Content starts

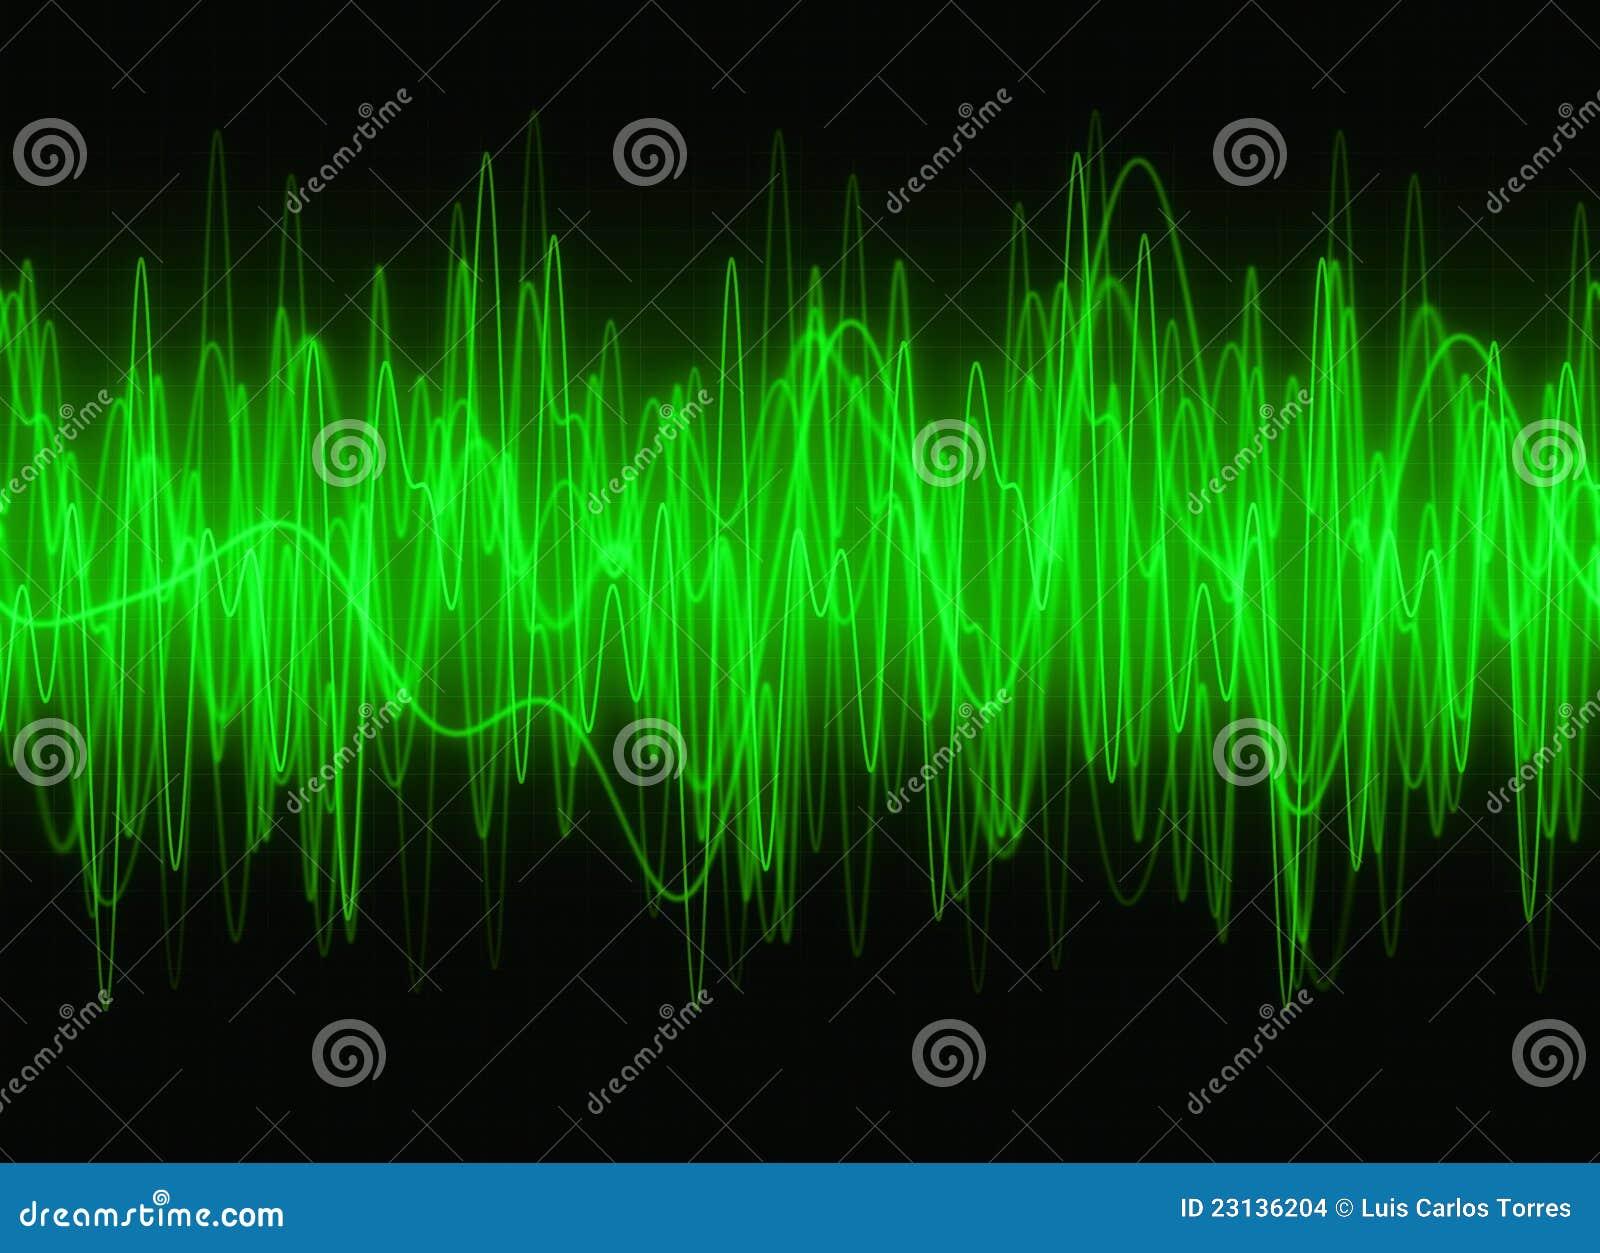 Graphic sound waves
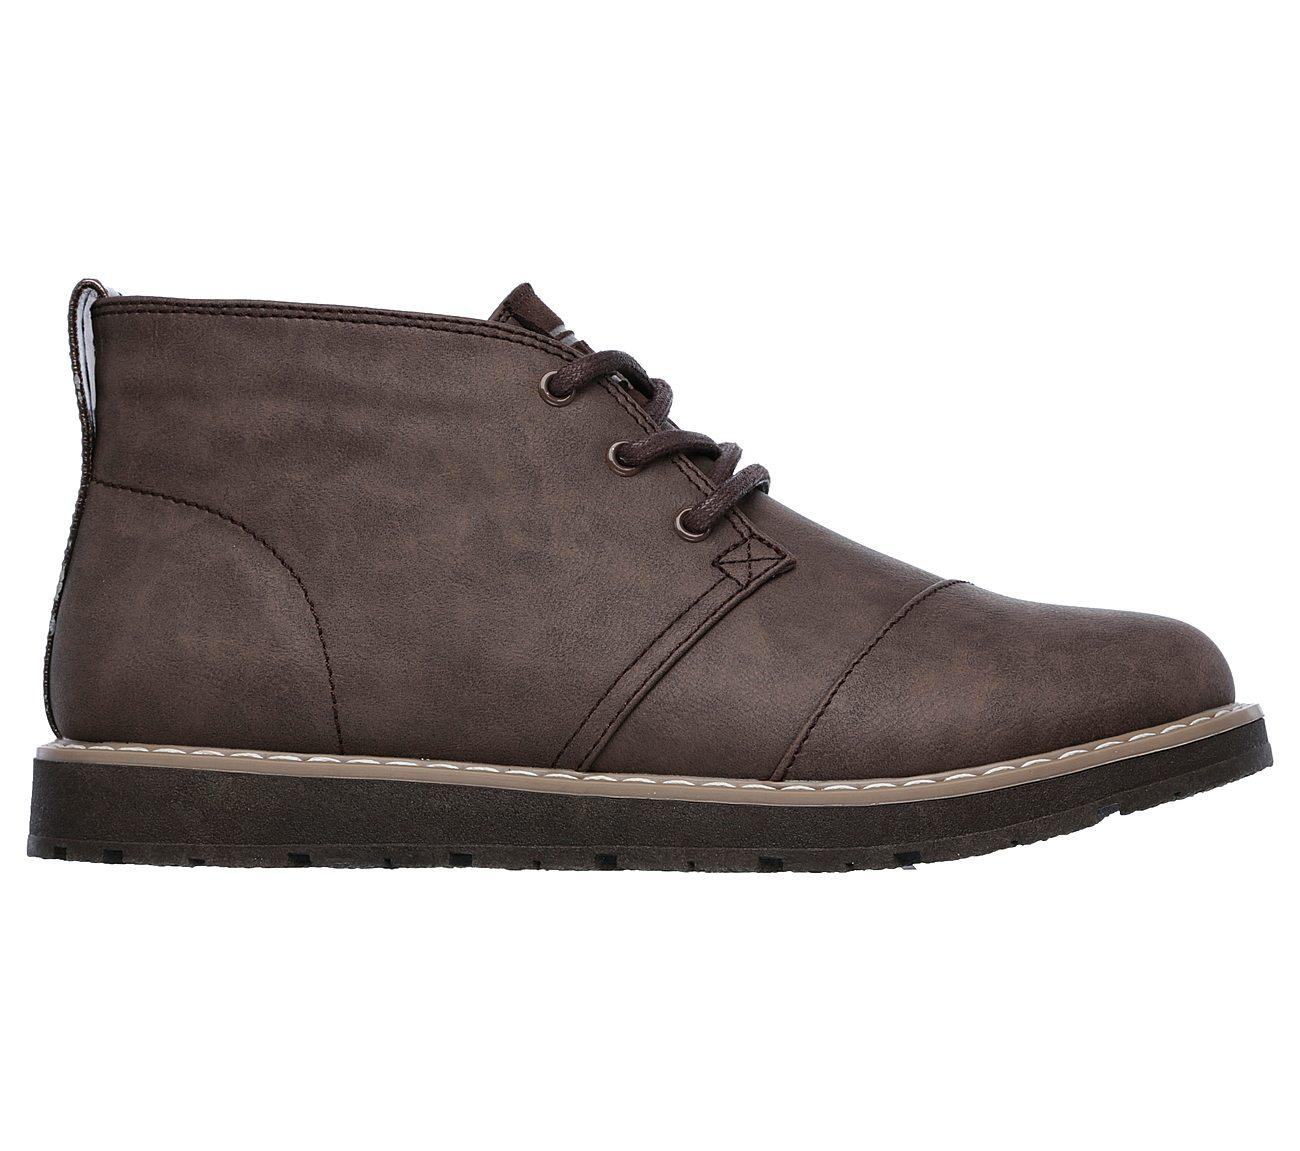 SKECHERS Bobs Alpine SKECHERS Bobs Shoes
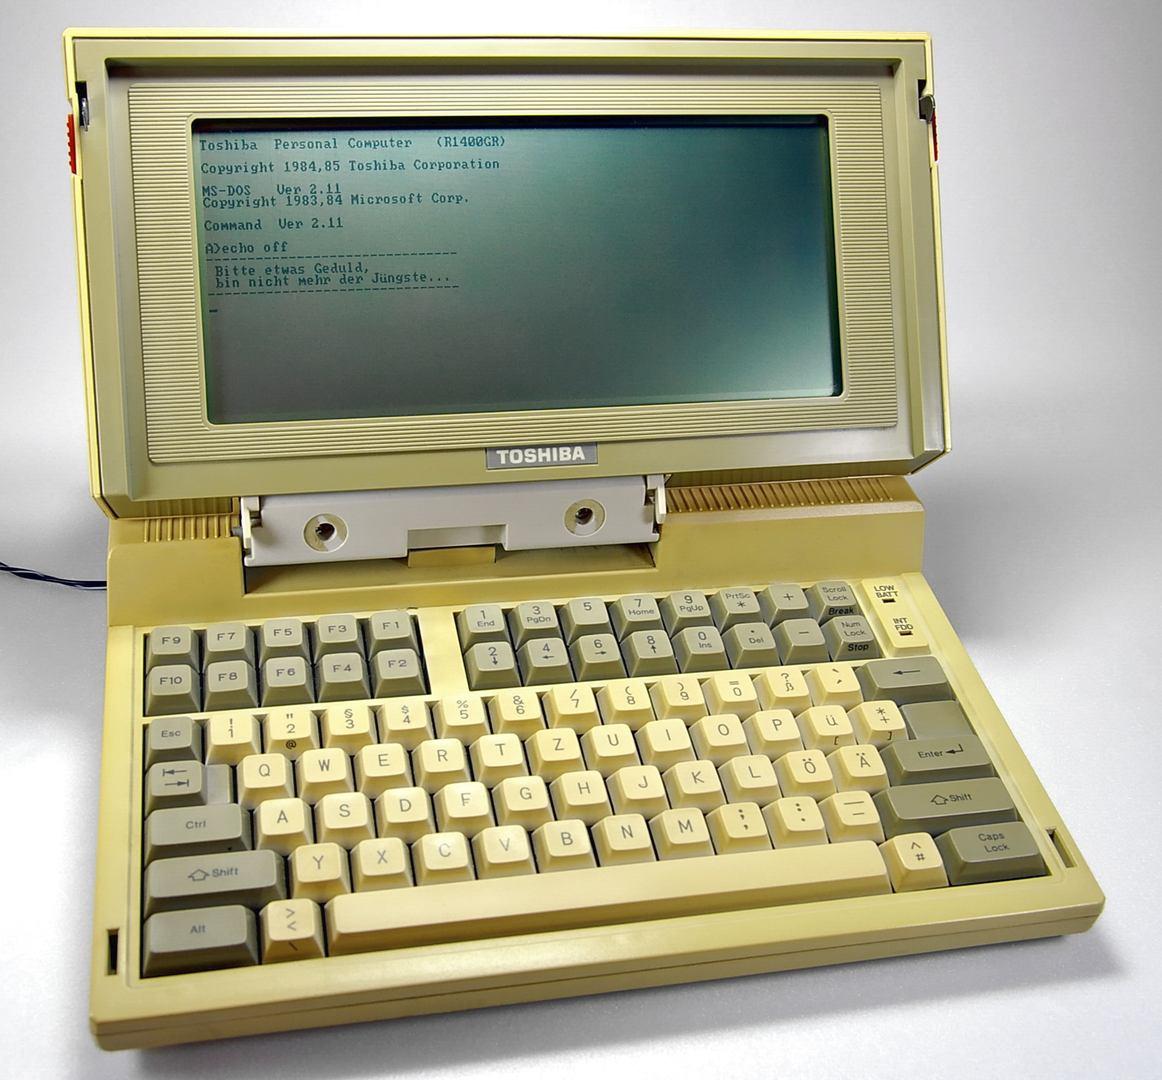 Toshiba T1100, zdroj: Wikimedia Commons, author: Johann H. Addicks

Content ends

▸ EXERCISE AIM:
Only the lines from the one containing "SKECHERS Bobs Alpine SKECHERS Bobs Shoes" through the last line of the material are to be restated word for word; no picture is to be included.

▸ RESPONSE TO THE EXERCISE:
 SKECHERS Bobs Alpine SKECHERS Bobs Shoes
 Toshiba T1100, zdroj: Wikimedia Commons, author: Johann H. Addicks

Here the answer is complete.